The Association for Automotive Professionals!

Lawletter No. 175

Court upholds termination for trademark violations

A New York federal court has affirmed a franchisor's right to terminate a franchise where the dealer has violated its trademark rights in the recent case of Little Tor Auto Center v. Exxon Co. USA, (DC SDNY, No. 93 Civ. 2832 (VLB), Filed September 14, 1993, CCH Bus. Fran. Guide, Para. 10,313.

Facts: The dealer accepted several less-than-full loads of gasoline in November, 1992. One was 3,550 gallons, and three other were 3,000 gallons. He could not produce invoices or receipts of any kind documenting the source of the gasoline.

Exxon alleged that the dealer had co-mingled non-Exxon gasoline with Exxon product, and sold it under Exxon's trademark. The franchisee took no steps to de-identify the pumps.

Exxon's territory manager testified that the company only delivered full, 9,000 gallon loads.

The dealer did not deny that he had co-mingled product. He claimed that the questioned loads were "sort of Exxon deliveries."

Exxon terminated the franchise for violation of its trademark rights, and the dealer filed suit under the PMPA to stop the termination.
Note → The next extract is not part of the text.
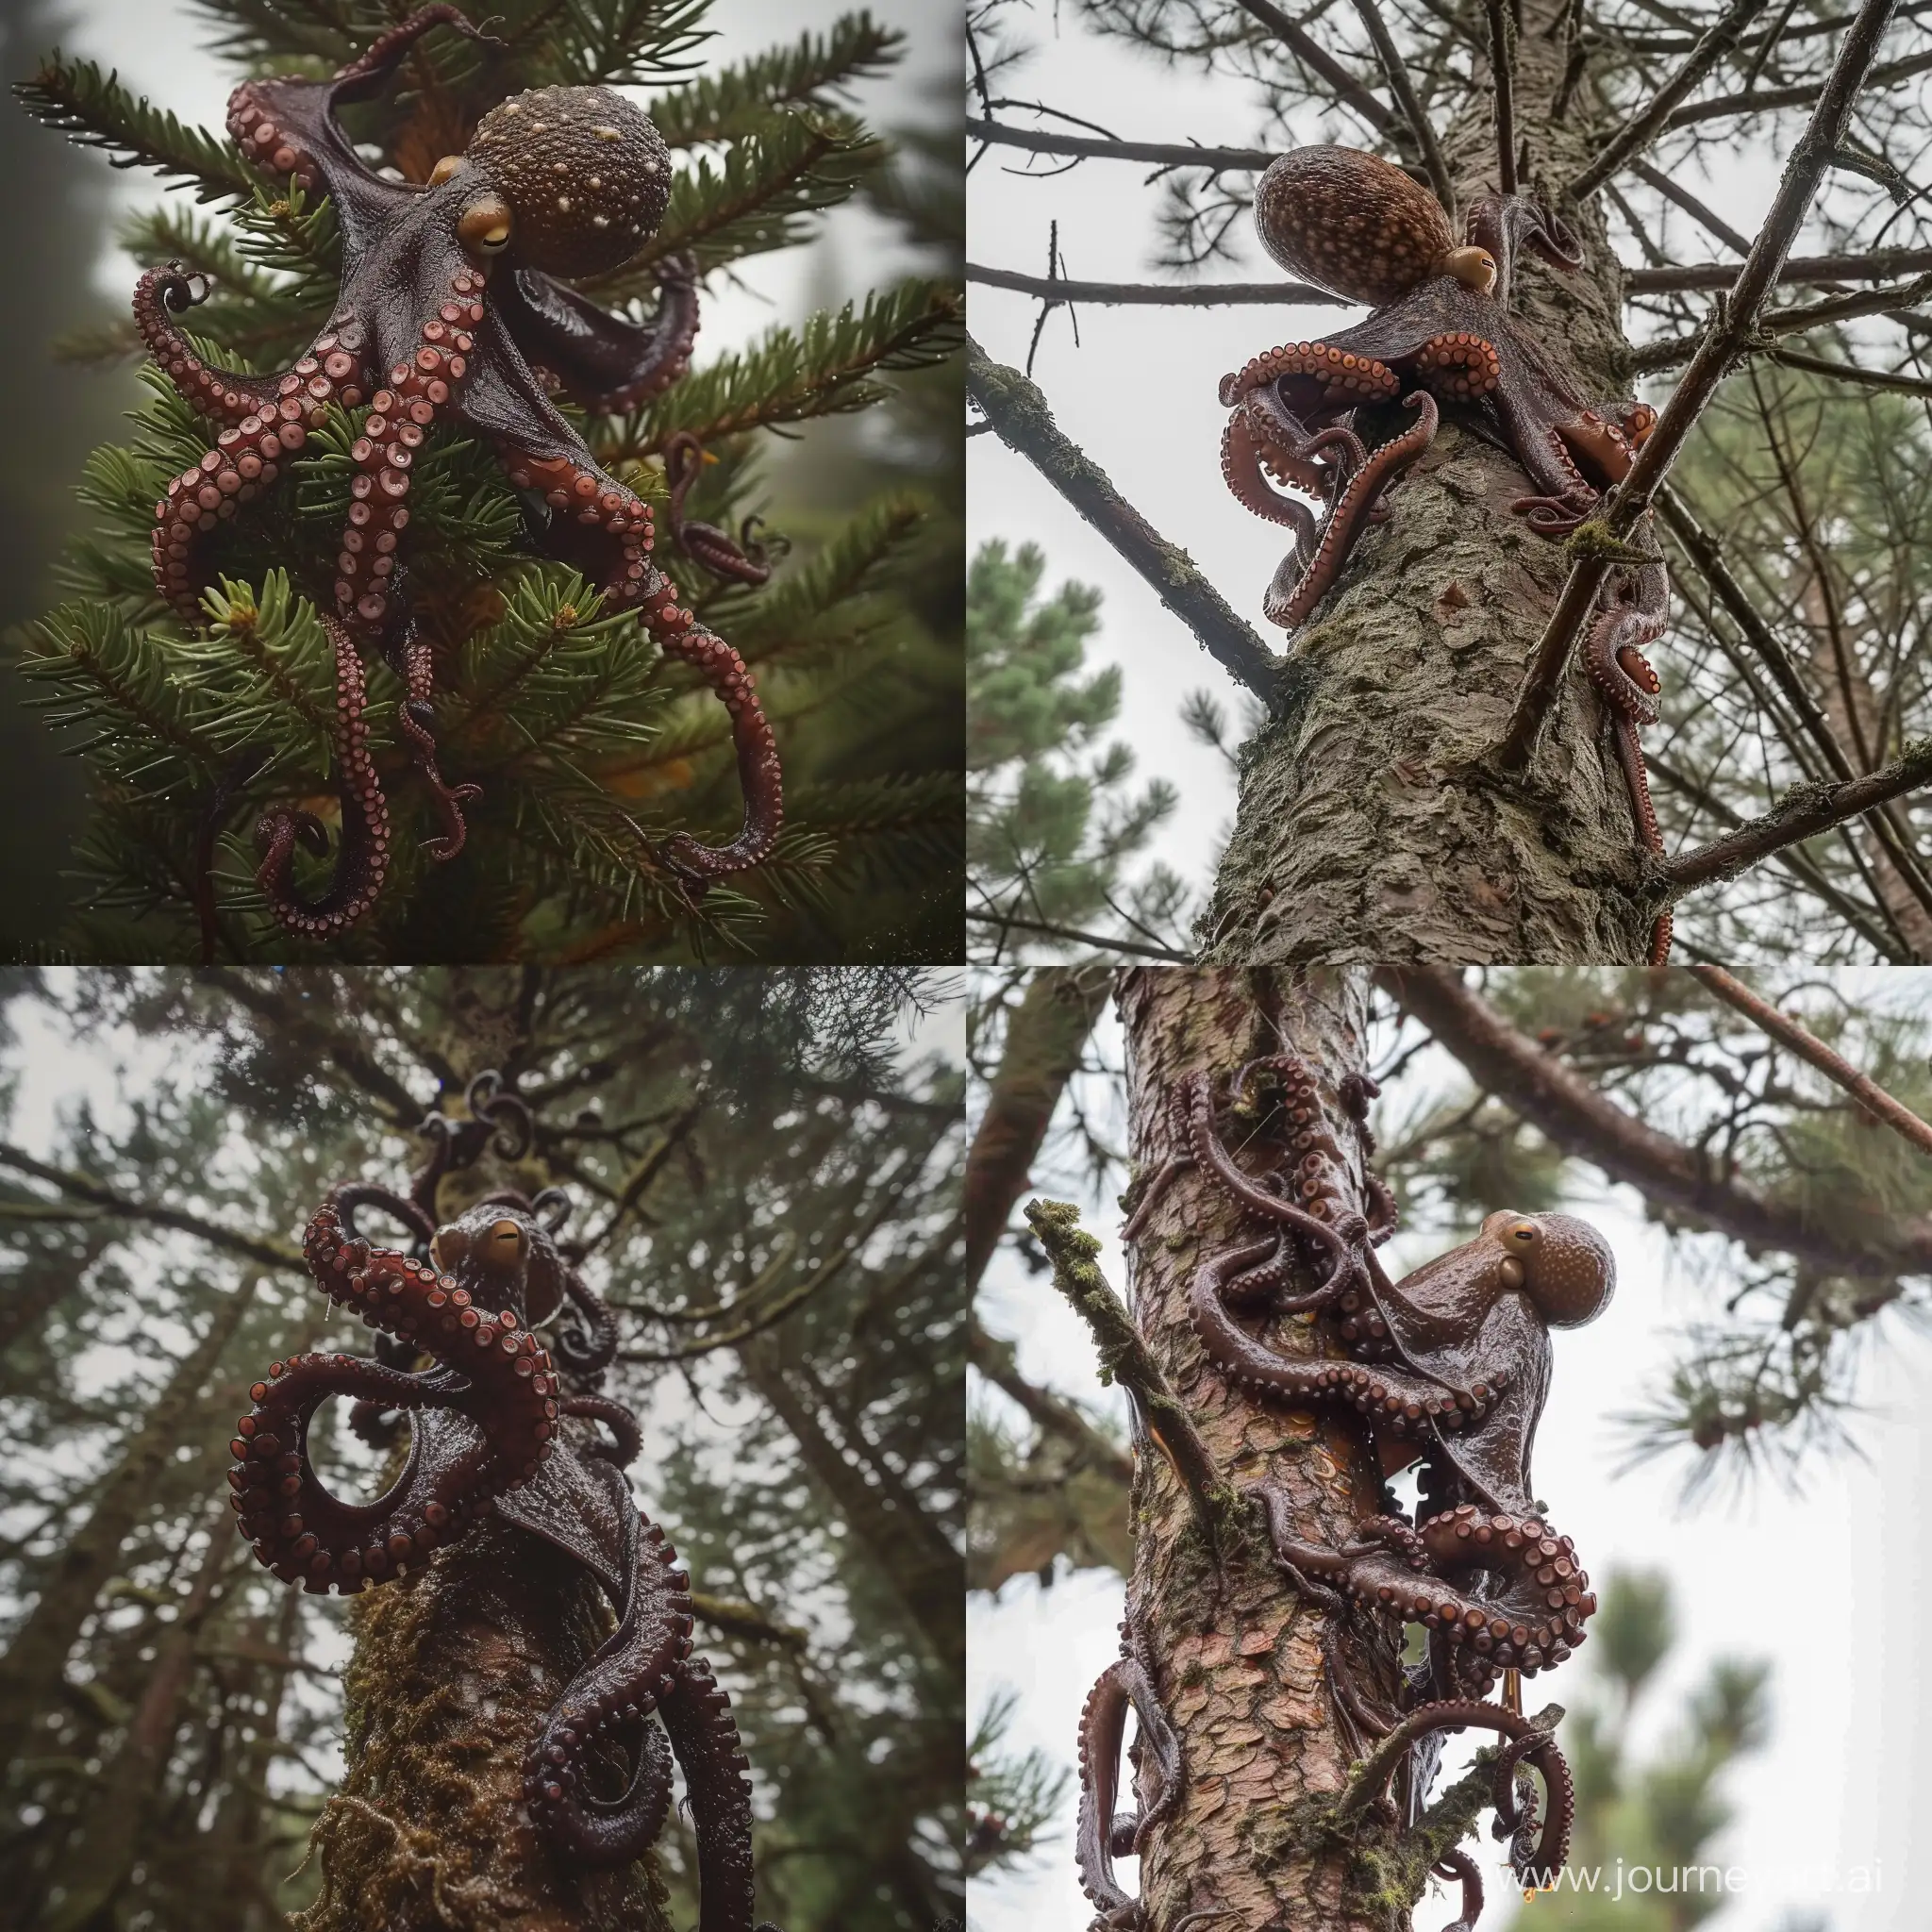 award winning wildlife photo of an incredibly slimy and wet medium sized mottled dark brown octopus scaling a tall pine tree, grabbing branches with its tentacles, slime trail, temperate pine rainforest, daylight, telephoto lens, canon camera, wide shot, shot from below

Ruling: The court ruled in favor of Exxon. The judge stated that:

(a) the company has legally valid interest in protecting its trademark rights;

(b) The evidence showed that the dealer had co-mingled product;

(c) In some cases, an anticompetitive provision of a franchise agreement may not be legally enforceable under the PMPA. But this is not such a case; and

(d) The antitrust laws do not forbid Exxon's requiring that only its gasoline may be sold under its trademark.

Recommended procedures: The practice of rebranding is full of "traps for the unwary." In many cases, it is simply not possible to do so without subjecting yourself to the possibility (or even probability) of franchise termination. We strongly advise the following:

1. Advise company: Notify the company in advance of your intention to rebrand, and request that the supplier state its position on the procedures to be used in writing. Send your letter by certified mail, and keep a copy of it and the reply for your files.

In most cases, the supplier will write back a noncommittal letter. But the company's failure to object may be of some help later on. Even if the company fails to raise specific objections, you still may not be safe. (See below)

2. Check contract carefully: The oil companies use so many different devices to deter rebranding that it is now imperative that you first review the entire situation with your attorney. There are simply too many contract clauses you might violate.

If your attorney does not have a substantial experience in the petroleum field, be sure he has a copy of this article. Your review should include minimum purchase clauses, credit card agreements, clauses forbidding the use of the supplier's tanks or pumps for alternative product, signage clauses and similar items.

3. Save documents: Keep and file any material from the company which you might be able to use to defend a particular practice.

4. Record harassment efforts: Keep careful records of any oil company harassment efforts, particularly with regard to TBA purchases or pricing. Such records could be useful in a discrimination defense case.

5. Invoices and receipts: If you do not have invoices or receipts for all deliveries, you could run into a problem. If you buy product from an independent distributor who tells you that the fuel is branded, make you that the invoice or receipt shows the brand.